Speaker: Dr. Christos Vezyrtis, IBM T. J. Watson Research Center

Abstract:
Enterprise server chip design poses a hard power-supply noise problem. Increasing transistor counts and supply voltage scaling can create instantaneous changes in current, driving nanosecond-speed supply voltage (VDD) droops that require extra guard-band for correct product operation. The POWER9TM and z14TM processor use advanced mitigation techniques such as adaptive clocking and instruction throttling to ensure that processor functionality is maintained during power- supply droops.
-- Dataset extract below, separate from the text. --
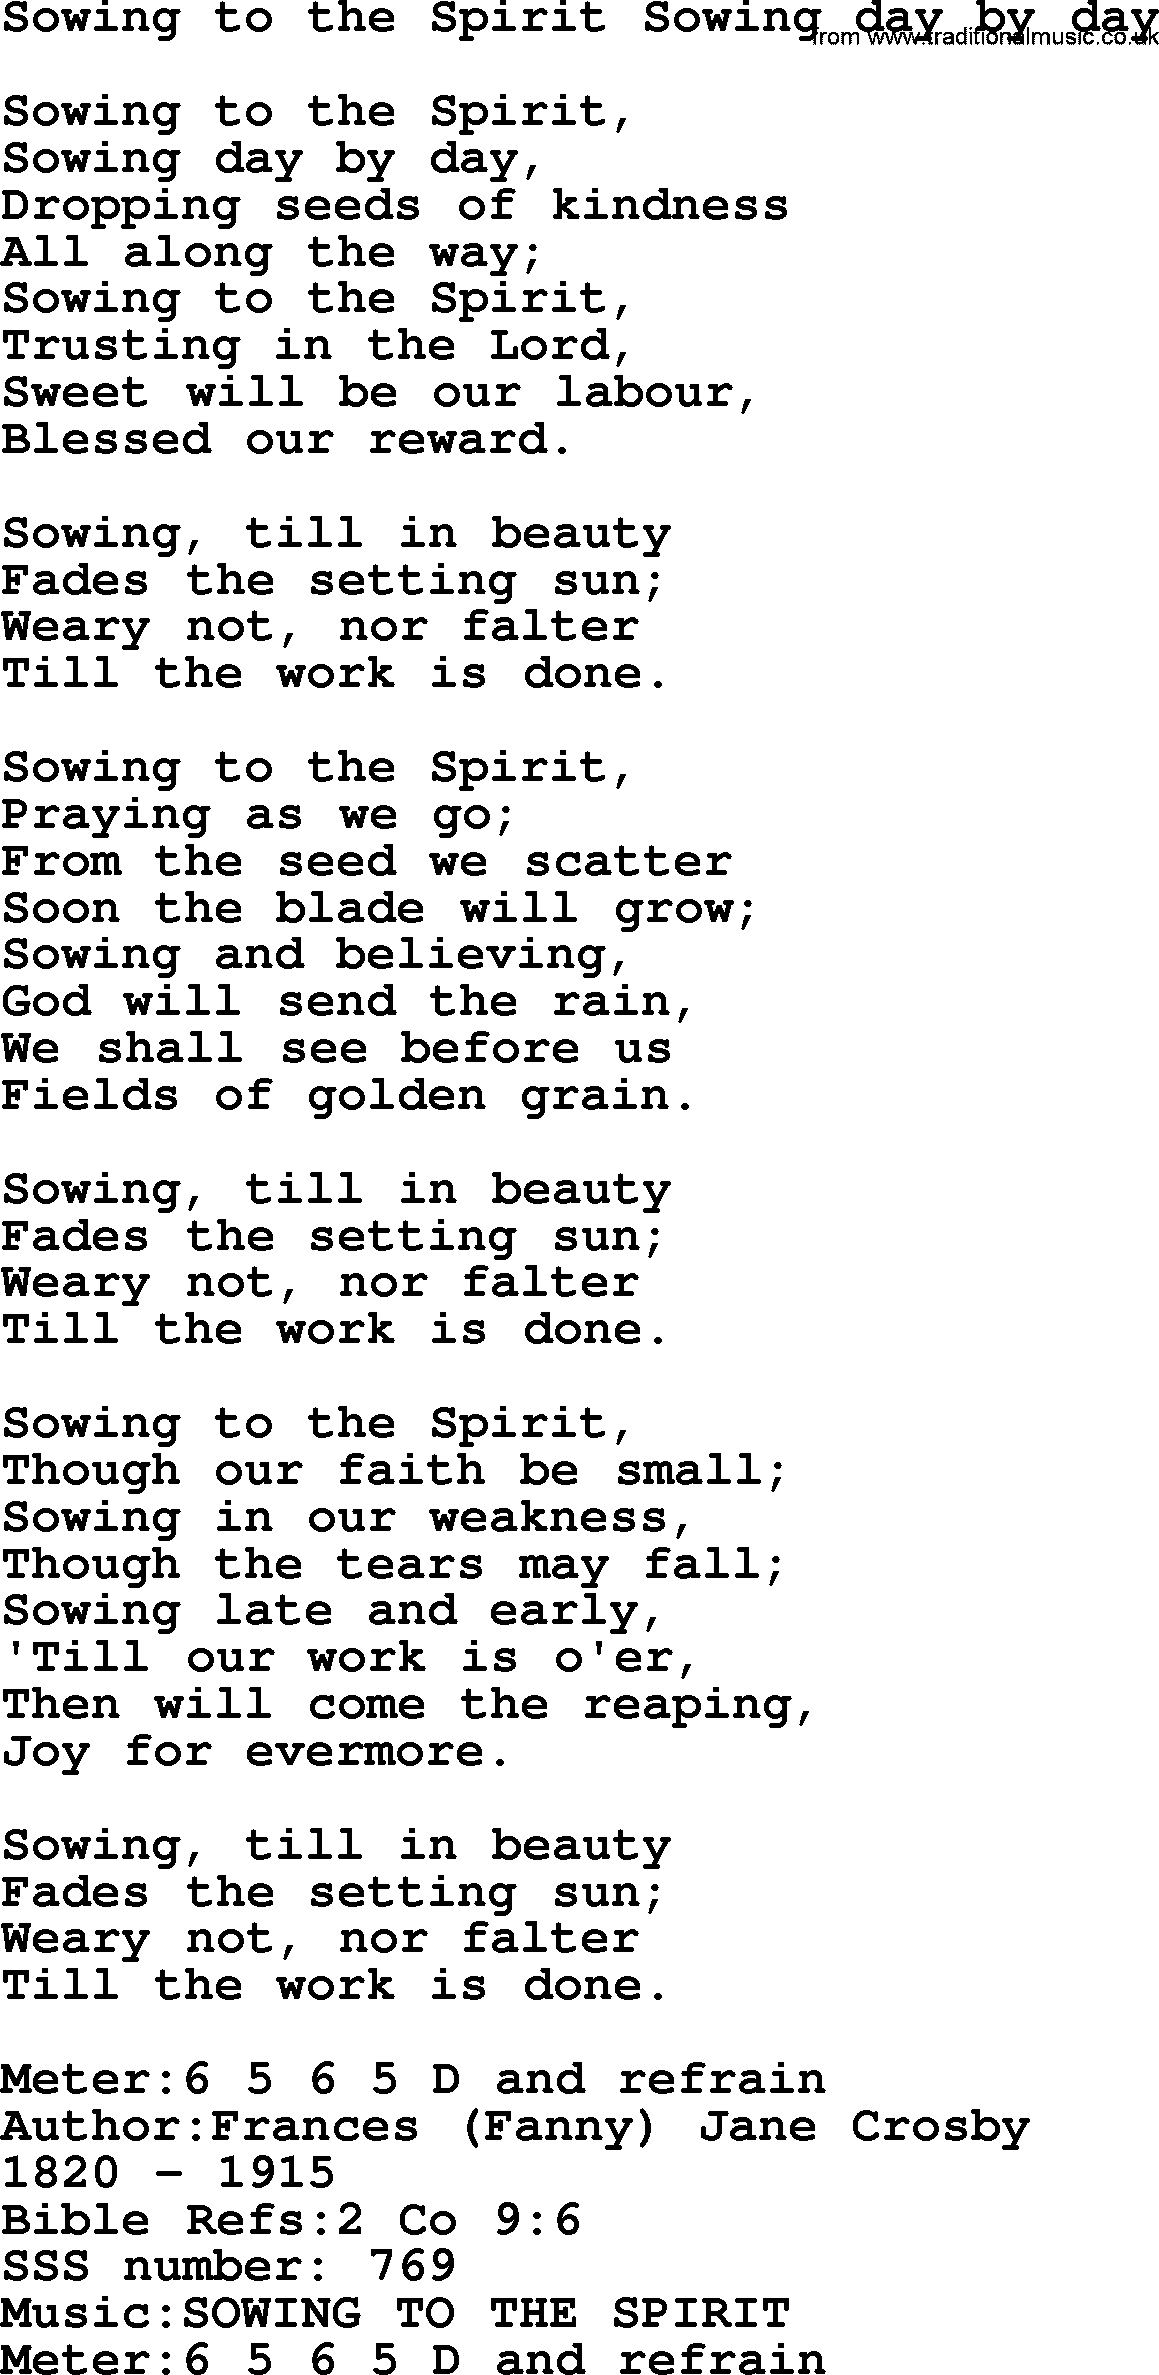 Sacred Songs and Solos complete, 1200 Hymns, title: Sowing To The Spirit Sowing Day By Day, lyrics and PDF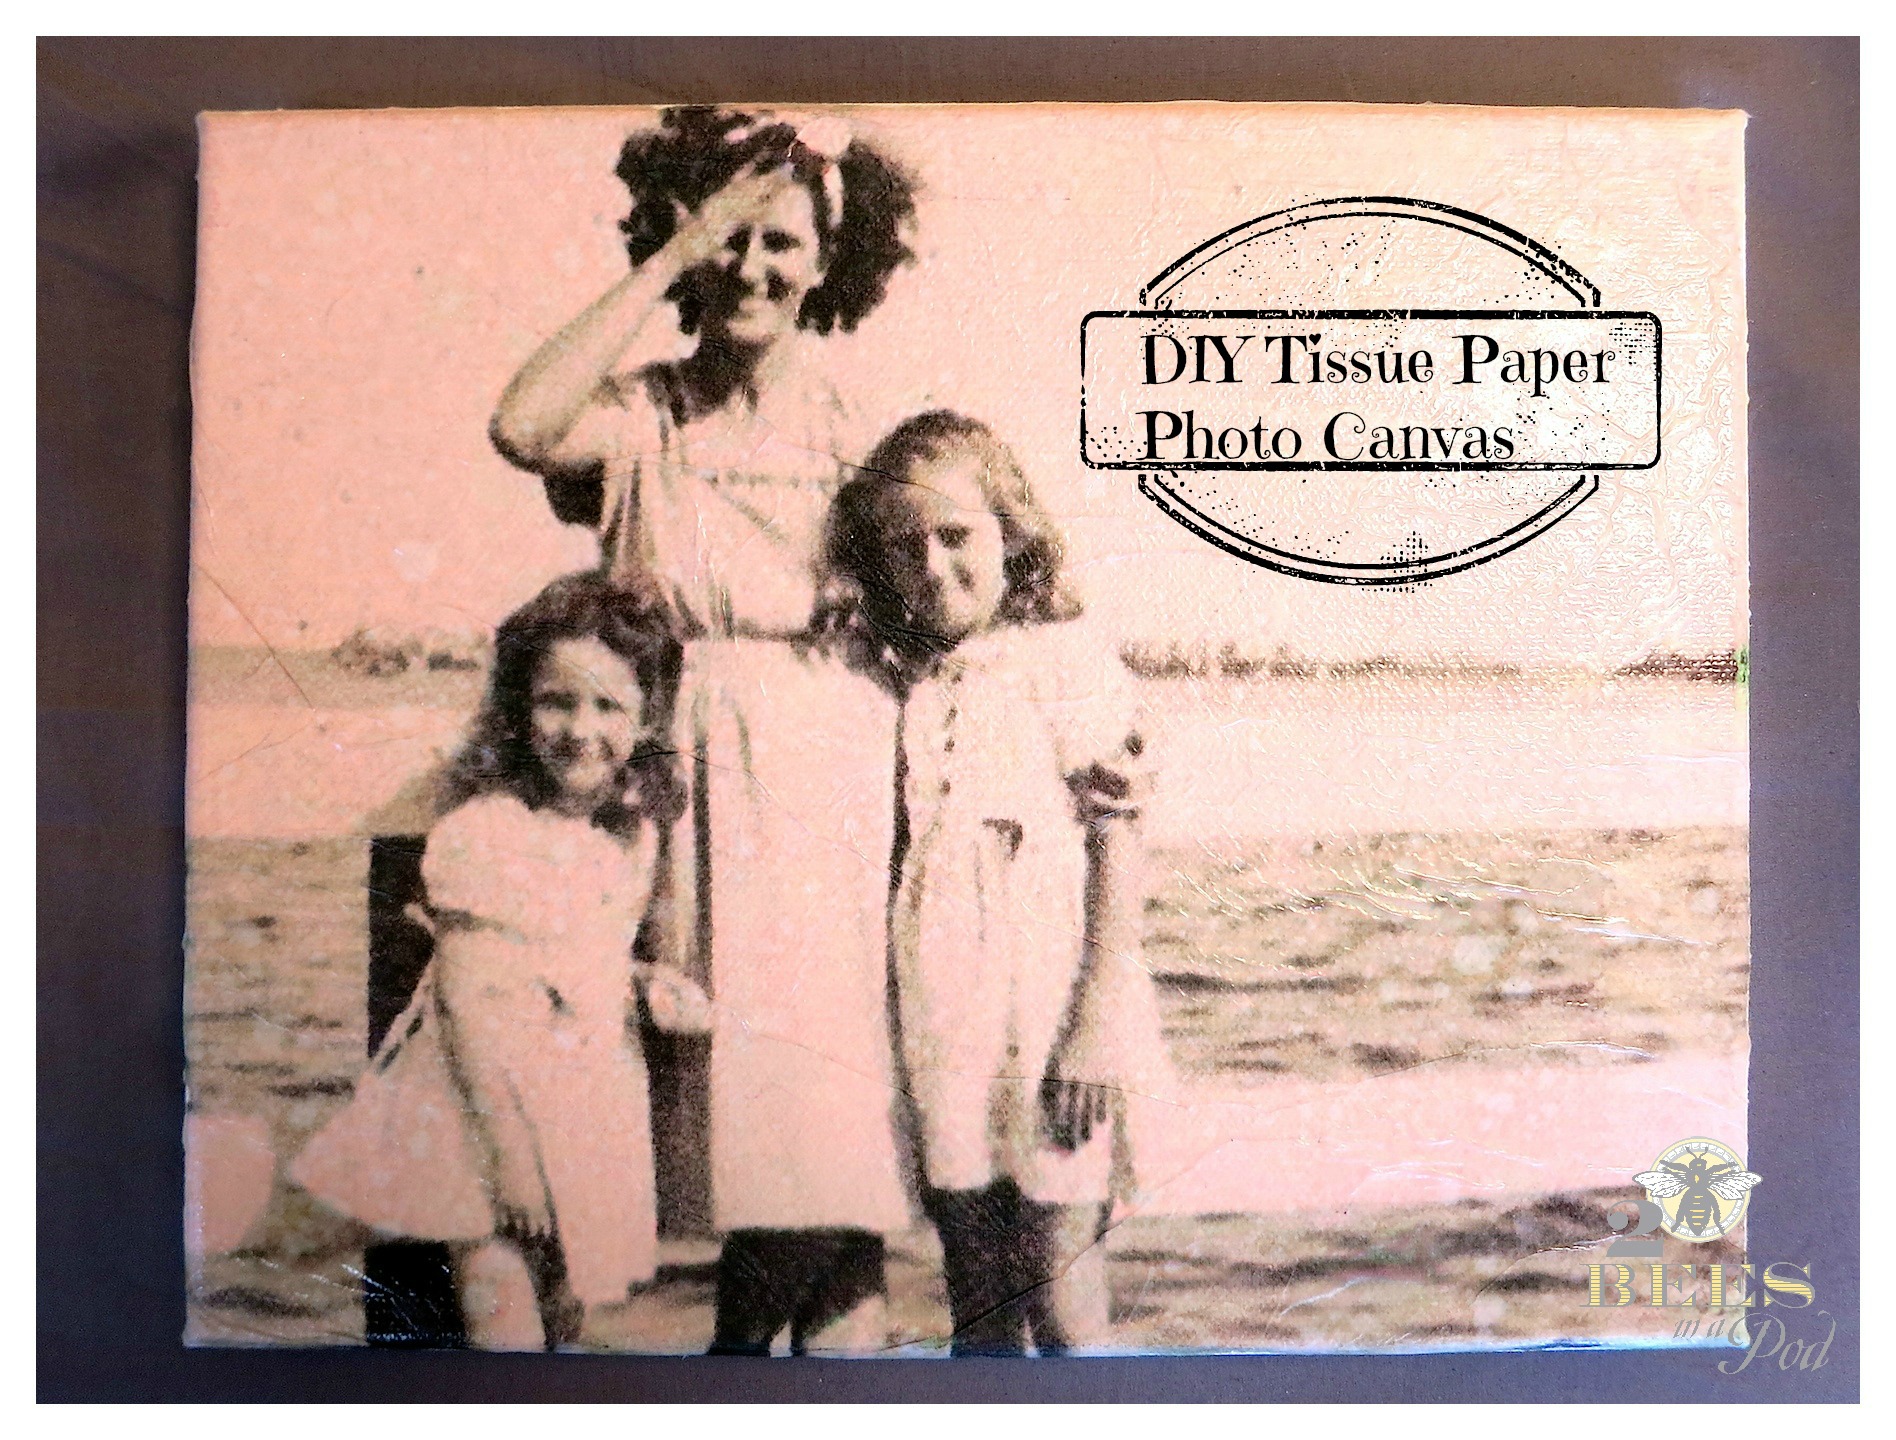 DIY Tissue Paper Photo Canvas - print out a photo from your home computer onto gift wrap tissue paper. Using Mod Podge add tissue paper to canvas.

We will present the POWER9TM  adaptive clocking strategy, embedding analog voltage-droop monitors (VDMs) that direct a digital phase-locked loop (DPLL) to immediately reduce clock frequency in response to a droop, and the z14TM advanced noise mitigation throttling options using the critical path monitor (CPM).

Biography:
Christos Vezyrtzis received the B. Eng. degree from the National Technical University of Athens, Greece in 2006, and M.Phil, M.S. and Ph.D. degrees from Columbia University, New York, NY. He is now a Research Staff Member at IBM T.J. Watson Research Center, Yorktown, NY, and has served as Adjunct Assistant Professor at Columbia University, New York, NY. His research interests include high-speed mixed-signal and digital circuits. He was the recipient of the Best Paper Award for the Logic and Circuits track at IEEE International Conference on Computer Design (ICCD) in 2006. He has co-authored twelve patents.